= Sleipner A =

Offshore platform in the Norwegian sector of the North Sea

Sleipner A is a combined accommodations, production and processing offshore platform at the Sleipner East gas field in the Norwegian sector of the North Sea. It is a Condeep-type oil platform, built in Norway by the company Norwegian Contractors for Equinor.

It is known for its catastrophic failure during construction on 23 August 1991, due to a design flaw, that resulted from an error caused by unconservative concrete codes and inaccurate finite element analysis modelling of the tricell, which formed part of the ballasting/flotation system.

==Location==
Sleipner A is located on the Sleipner East gas field on the North Sea. Also six satellite fields–Gungne, Loke, Alpha North, Sigyn, Volve and Volve South–are tied-back to Sleipner A. In addition to its own operations, the platform is used as a remote operation center for the Sleipner B wellhead platform. The Sleipner B is operated from the Sleipner A via an umbilical cable. In addition, the Sleipner T carbon dioxide treatment platform is linked physically to the Sleipner A platform by a bridge.

==Design==
The platform is designed to accommodate roughly 160 people. The platform deck is 60 by 140 m with a height of 210 m.

The original hull was a gravity base made up of support pilings and concrete ballast chambers from which three or four shafts rise and upon which the deck sits. Once fully ballasted, the hull was to sit on the sea floor. There were 24 chambers, of which four formed the 'legs' supporting the facility on top in the case of the Sleipner A oil rig.

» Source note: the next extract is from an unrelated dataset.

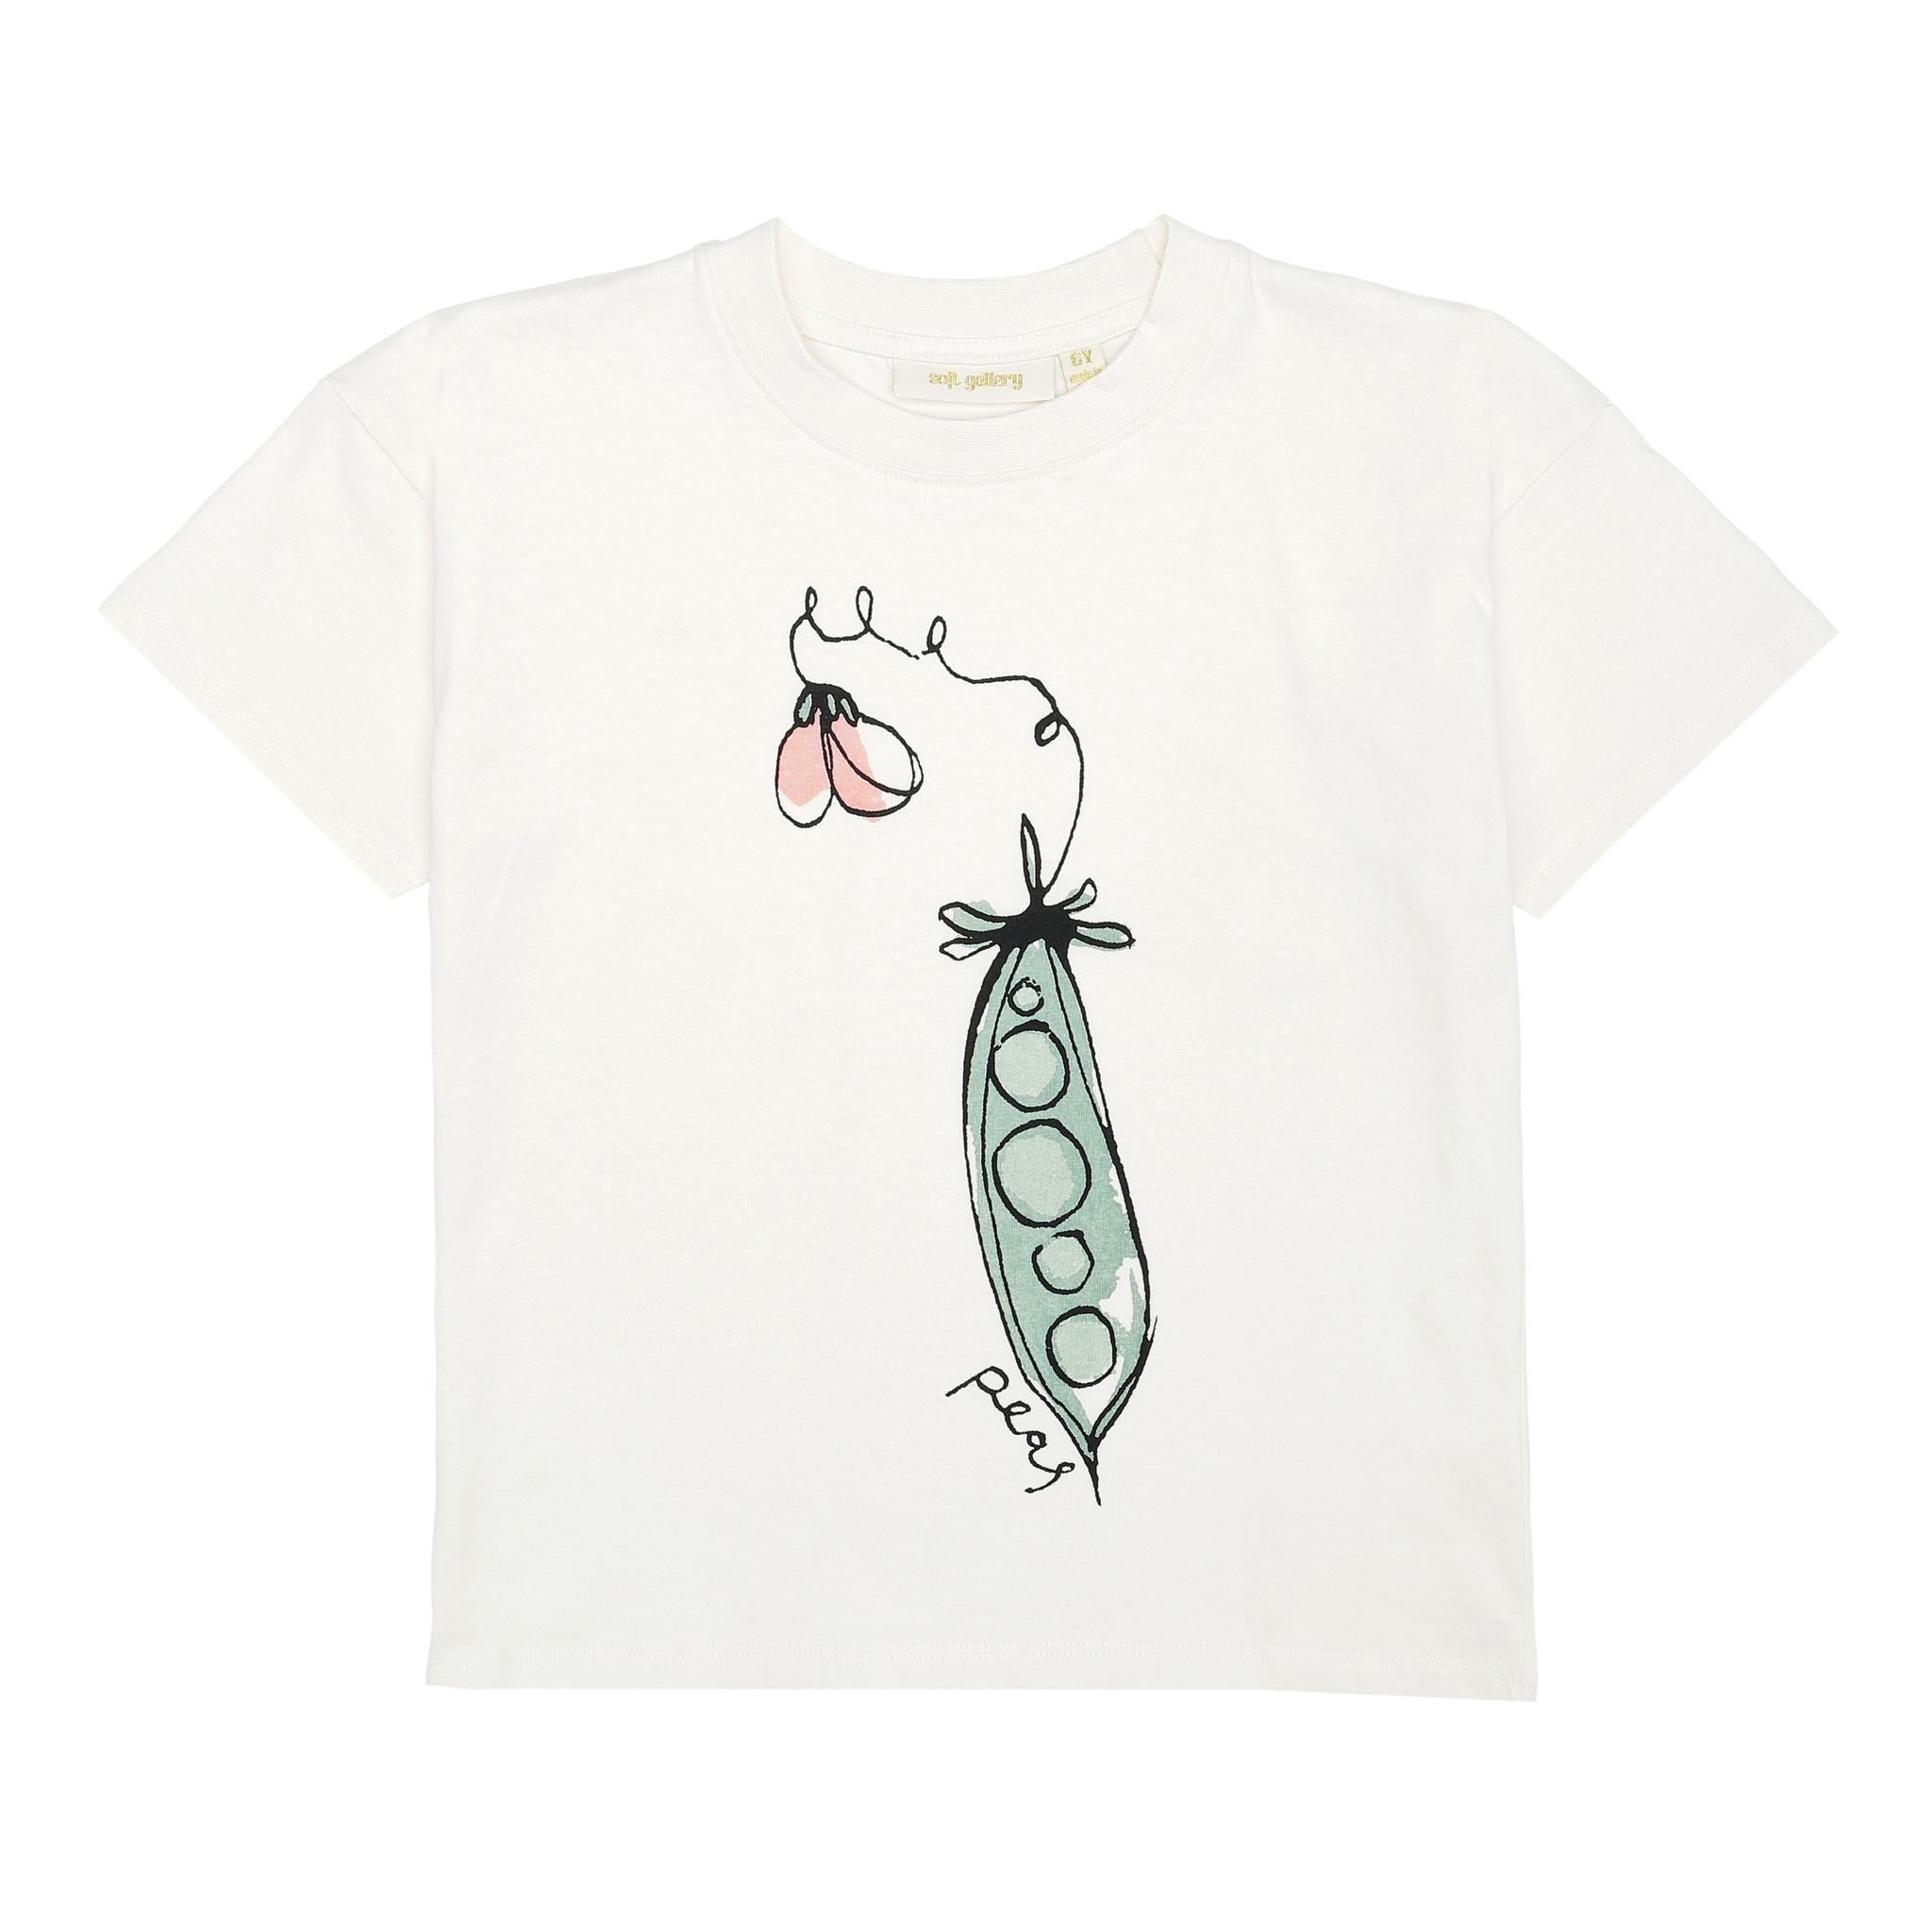 Dharma T-shirt - Gardenia / Peas-1

The hull was redesigned after the accident and the Sleipner A Platform was successfully completed in June 1993.

==1991 accident==

===Collapse===
The original hull collapsed during the final construction because of a design flaw. It was towed into Gandsfjord where it was to be lowered in the water in a controlled ballasting operation at a rate of 1 meter per 20 minutes. This was necessary for the fitment of the deck platform to the hull. As the hull was lowered to the 65 m mark, rumbling noises were heard followed by the sound of water pouring into the unit. A cell wall had failed and a serious crack had developed, and sea water poured in at a rate that was too great for the deballasting pumps to deal with. Within a few minutes the hull began sinking at a rate of 1 meter per minute. As the structure sank deeper into the 210 m fjord, the buoyancy chambers imploded and the rubble struck the floor of the fjord, creating a Richter magnitude scale 3 earthquake.

Later analysis showed that the failure would occur at 62 meters (203 feet).

No one was injured during the accident.

===Investigation===
The post-accident investigation by SINTEF in Norway discovered that the root cause of the failure resulted from inaccurate NASTRAN calculations in the design of the structure. Stresses on the ballast chambers were underestimated by 47% and some concrete walls were designed too thin to resist foreseeable hydrostatic pressure when submerged. As the pressure increased, the walls failed and cracked, allowing sea water to enter the tank at an uncontrolled rate, eventually sinking the hull.

After the accident, the project leaders from Norwegian Contractors were brought before the Statoil board, and were expecting severe repercussions. But the director instead asked the famous question "Can you make a new one before schedule?" to which the contractors replied "Yes we can". The new hull was completed before schedule.

==Computer-Aided Catastrophes==
Computer-Aided Catastrophes, or CAC for short, such as the Sleipner Incident presented in this article, provide extremely valuable lessons for practising engineers working with numerical simulation tools such as the finite element method. The reason for the poor finite element result that led to the Sleipner Incident have been studied in more detail in NAFEMS Benchmark Challenge Number 6.